As stocks rally in 2023, investors can't stop thinking about 2021

The year is 2023. But hindsight is still 2021 on Wall Street.

For an industry known to be forward-looking, investors are still trying to make sense of the last two years.

In 2021, easy money policies and post-pandemic stimulus ushered in the "meme stock" era and investor enthusiasm for anything tech-related and growing fast. Bonus points were awarded if the company didn't make any money as a bubble broke out that year.

Then in 2022, much of this mania came crashing down as the Federal Reserve raised interest rates aggressively in an effort to slow inflation.

"It’s not higher interest rates that are the problem — it's the transition from stupid, free, incredibly ridiculous money at zero cost to something more normal," Rich Handler, CEO of investment bank Jefferies, said during an interview at the iConnections Global Alts conference in Miami, Florida last week.

But in the new year has emerged a new market. And a new market that looks a bit like what we witnessed two years ago.

The Nasdaq has soared 15% to start 2023, spurred higher by rallies in some of the biggest losers of last year like Tesla (TSLA) and Coinbase (COIN). Even beleaguered, left-for-dead names like Carvana (CVNA) have been on a tear.

"Every time the so-called 'meme stocks' — the garbage — have taken off, that's been the end of the rally, not the beginning of the rally," short seller Jim Chanos said during a panel discussion.

Across dozens of panels and on-stage discussions at the event, the excesses of 2021 and the consequences investors continue to face as a result served as a dominant theme.

Jefferies Group Chief Executive Richard Handler speaks at the iConnections Global Alts 2023 investment conference in Miami Beach, Florida on January 31, 2023.
Jefferies Group Chief Executive Richard Handler speaks at the iConnections Global Alts 2023 investment conference in Miami Beach, Florida on January 31, 2023. (Alexandra Semenova)

Social Capital founder Chamath Palihapitiya, known for sponsoring a wave of SPACs — or special purpose acquisition companies — that brought speculative tech companies to the public market, is now calling the era of low interest rates a mistake.

As the market waned last year, two of the six blank-check companies Palihapitiya launched were liquidated and the others that went public are trading well below their listing price.

"In the industry we are in, there are a couple of dirty little secrets, or the dirty soft underbelly," Palihapitiya said, referring to the technology sector, in an on-stage interview Wednesday at the Fontainbleau Hotel. "One of them is that only 10% of all firms in our asset class actually generate real returns, which means 90% are basically floundering around burning money."

"There's this dance that this industry has been able to play because interest rates have been at zero, so as investors, the asset class I think is very challenged in order to generate real returns now," Palihapitiya added.

"The companies that we funded as a result of all this excess capital have been more poorly run than otherwise, and so we need to course correct. We need these rates to be sustained for five, six, seven years frankly, hopefully, in order to really flush it through the system."

While many recollect the mistakes of the post-pandemic market, however, it's unclear whether lessons have been learned just yet.

The Federal Reserve has now raised interest rates eight times since March 2022, bringing the federal funds rate to 4.50% from near-zero levels.

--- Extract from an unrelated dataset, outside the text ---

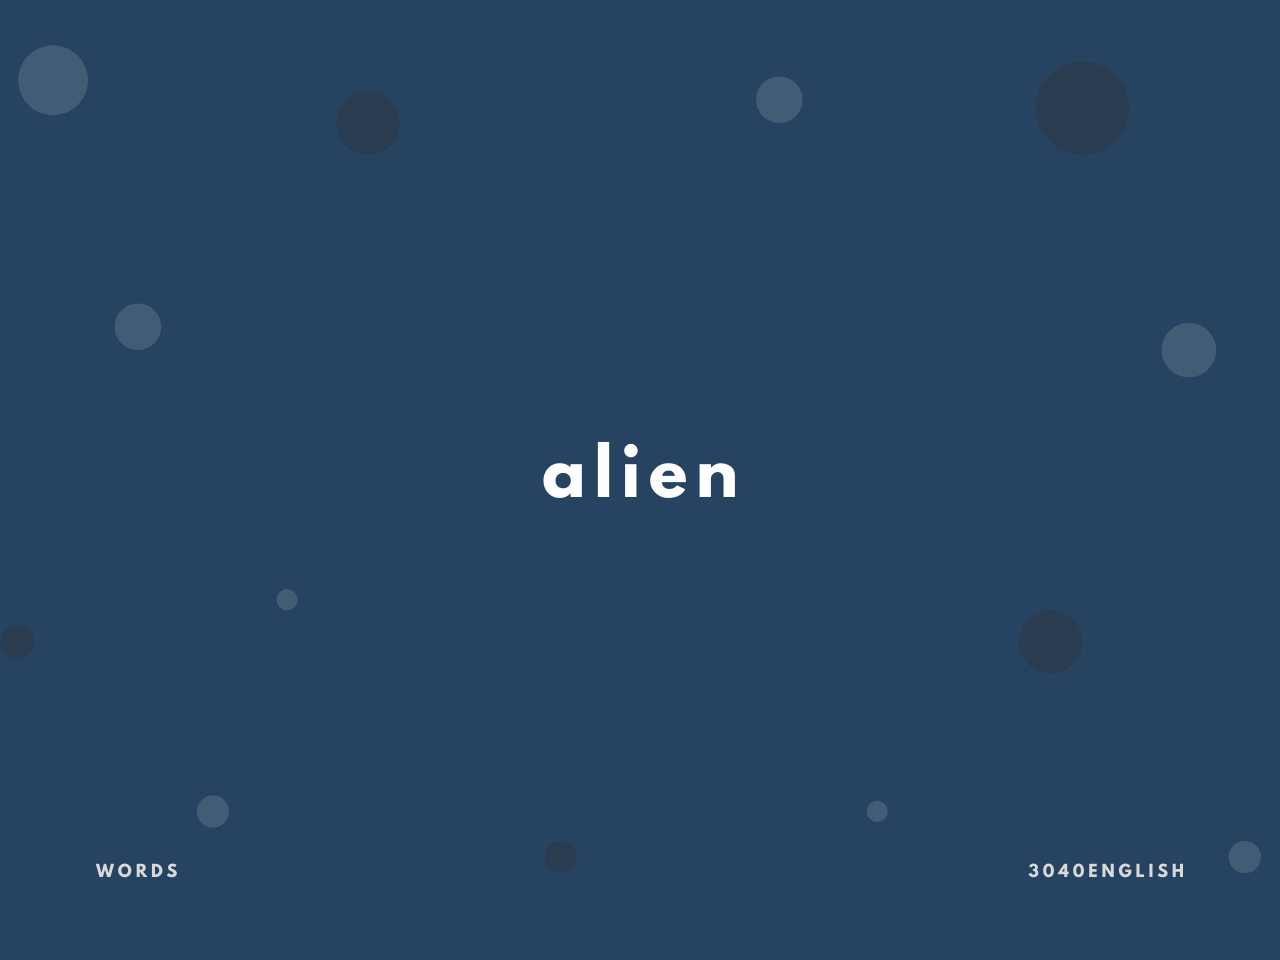 エイリアン Alien の意味と簡単な使い方 英語表現 例文あり

Federal Reserve officials keep asserting rates will go higher, and likely above 5%.

But markets have seemed to ignore them — even pricing in cuts by the end of the year — and the start of 2023 continues to see many of 2021's themes, even as some investors say they're behind us.

"The market just does not want to believe that the Fed is going to continue to be hawkish and remain hawkish, and we have multiple price cuts baked into the cake here by the end of the year," SEI chief investment officer Jim Smigiel said in a recent note. "We would probably call this a junk rally: there’s too much disconnect between what's happening with monetary policy and what the market's interpretation of that is right now."

Morgan Stanley's top stock strategist, Mike Wilson, said during a panel last week recent gains across the stock market are merely an outcome of the January Effect — a seasonal anomaly that sees stocks rise in the first month of the year following a year-end sell-off for tax purposes.

With expectations for corporate earnings growth to turn negative, Wilson sees the S&P 500 falling as low as 3,200 this year, even if a recession doesn’t play out. On Friday, the index closed at 4,136.

The way Jefferies chief market strategist David Zervos sees it, the Fed is giving investors "tough love," he said during a panel discussion.

"For the long-term equity investor, this Fed is doing exactly what you want."